What "preflight" means. Borrowed from aviation — the checklist a pilot runs before takeoff to catch problems on the ground instead of in the air. In our context: a single tool call you make before any write that returns everything that could make the write fail (missing required fields, validation rules that will fire, FLS issues, picklist values, the right RecordType, the ideal payload shape). The agent learns the failure modes in one cheap call instead of discovering them one expensive failure at a time.

If you remember one thing from this page, remember this:

Failure-driven discovery is the worst possible API consumption pattern. Every validation rule the agent learns about by triggering it is a tax you pay forever.

The architectural fix is a preflight tool:

preflight_create('Opportunity', {Name:'Acme', Amount:50000})
→ {
    missing_required:  ['CloseDate','StageName'],
    validation_rules:  ['Segment__c required when Amount > 10000'],
    fls_issues:        [],   // for running user
    picklist_values:   {StageName:[...], Type:[...]},
    record_type_hint:  'Enterprise Sale',
    composite_payload: {...} // ready-to-POST shape
  }

One call, before any write. Agent now has everything it needs to either ask the user once for all missing fields or auto-fill from context. Failure trajectory: 2 calls instead of 9.

This belongs in your MCP layer, not in every skill.

10 · The scoping formula

expected_api_calls
= baseline_calls × variance_multiplier × hidden_multipliers

Baseline

What a perfect deterministic script would do. Use the per-operation table from section 3.

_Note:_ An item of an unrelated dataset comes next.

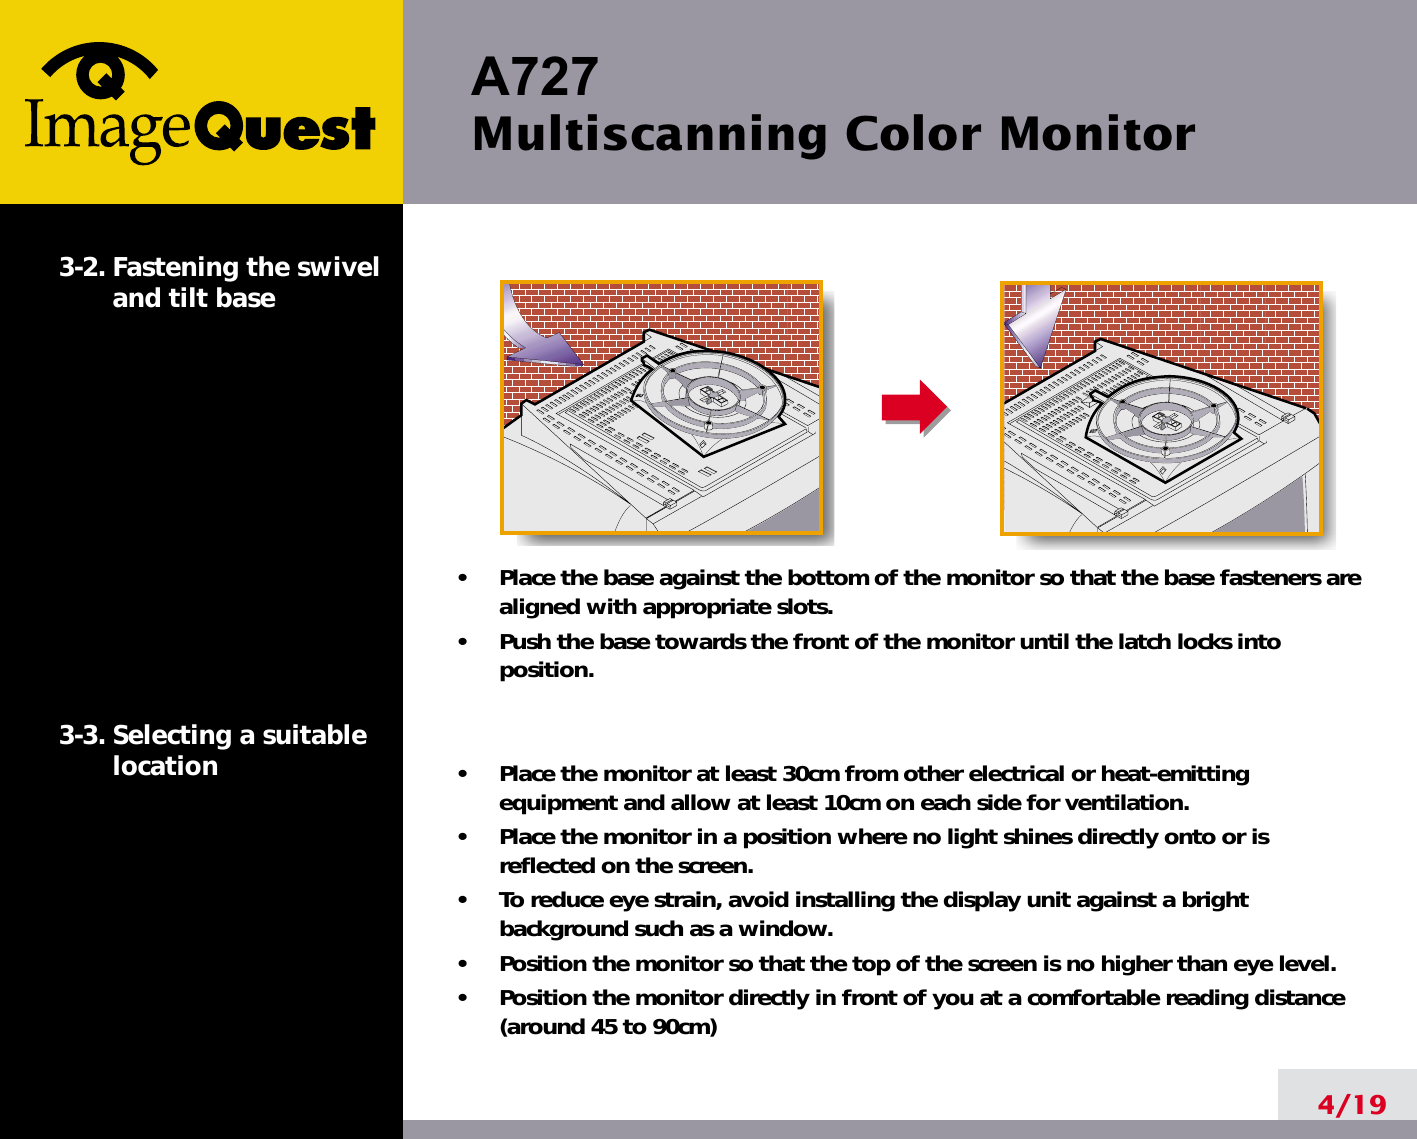 A727 Multiscanning Color Monitor4/193-2. Fastening the swiveland tilt base3-3. Selecting a suitablelocation•     Place the base against the bottom of the monitor so that the base fasteners arealigned with appropriate slots.•     Push the base towards the front of the monitor until the latch locks intoposition.•     Place the monitor at least 30cm from other electrical or heat-emittingequipment and allow at least 10cm on each side for ventilation.•     Place the monitor in a position where no light shines directly onto or isreflected on the screen.•     To reduce eye strain, avoid installing the display unit against a brightbackground such as a window.•     Position the monitor so that the top of the screen is no higher than eye level.•     Position the monitor directly in front of you at a comfortable reading distance(around 45 to 90cm)

Variance multiplier (the agent tax)

Architecture	Multiplier	Why
Stainless-style search + execute + skills + preflight	1.2×–1.5×	One discovery pass, one batched write, few retries.
Multi-tool MCP + skills, no preflight	3×–5×	Each fail = a new tool call. Skills help but don't replace introspection.
Naive multi-tool MCP, no skills, no preflight	8×–15×	Pay-per-discovery. Worst-case the agent loops on validation rules.

Hidden multipliers (apply on top)

+20% — OAuth refresh overhead
+30% — Retry logic (timeouts, 429s, idempotency)
+50% — Triggers / Flows that issue callouts
+100% — Polling instead of CDC / Platform Events
+30% — "Agent gets confused and explores" tax (apply to any agentic estimate)

Worked example

Use case: 5,000 Quote-to-Cash transactions/day from a customer portal, driven by Claude + MCP.

Baseline = 6 calls/txn
Stainless architecture → variance × 1.4
Hidden: OAuth × 1.2, retry × 1.3, no polling
Per-txn = 6 × 1.4 × 1.2 × 1.3 ≈ 13 calls
Daily = 13 × 5,000 = ~65,000 calls/day
Org has 200 EE licenses → limit = 215,000/day
~30% of daily limit consumed. Safe, with headroom.

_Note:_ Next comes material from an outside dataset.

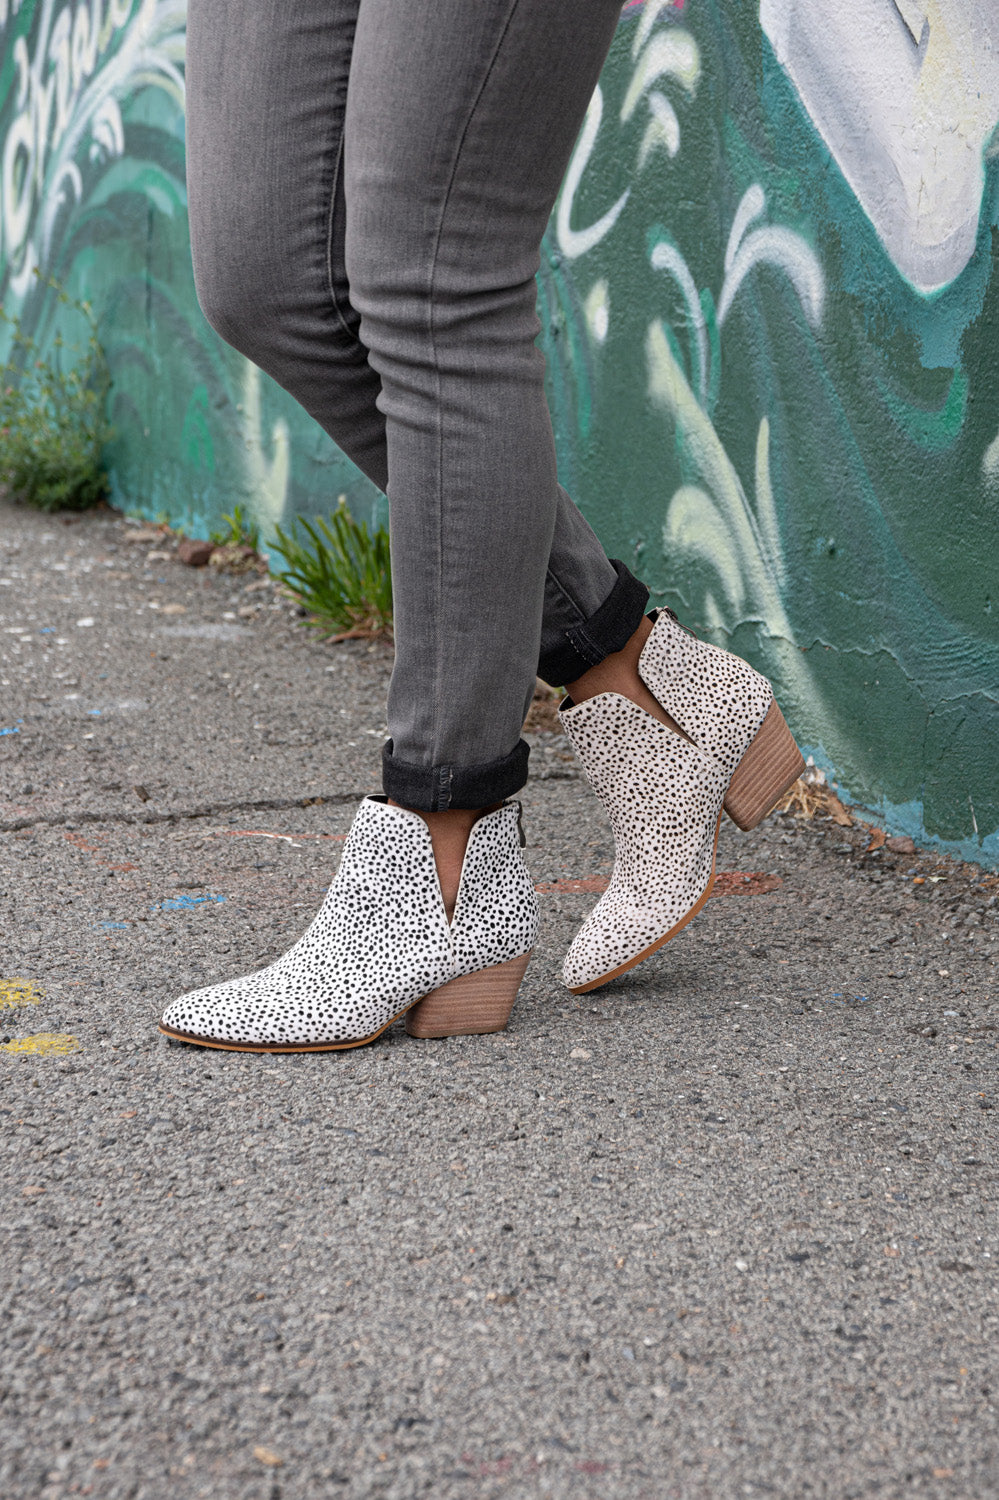 Dotty’s speckled bootie

Same use case, naive multi-tool MCP: 6 × 10 × 1.2 × 1.3 = ~94 calls/txn → 470,000/day → over the limit. Org gets throttled by 11 AM.

11 · TL;DR

Baseline first. Count the deterministic calls per operation, multiply by volume.
Composite everything. If you're writing multiple records, you should be making 1 API call, not N.
Naive MCP is a tax. One-tool-per-endpoint forces failure-driven discovery. Plan for 8×–15× variance.
Stainless-style (search + execute) collapses variance to 1.2×–1.5×. Pay for discovery once, not per failure.
Skills encode patterns. Search returns fresh state. Use both. They're complementary, not alternatives.
Preflight beats retry every time. One preflight_create call before a write saves 5+ retry calls.
Push, don't poll. CDC and Platform Events don't count against your API limit.
Add a 30% "agent gets confused" tax to every agentic estimate. It will happen.

Naive MCP = pay-per-discovery.
Stainless MCP + skills + preflight = pay-per-intent.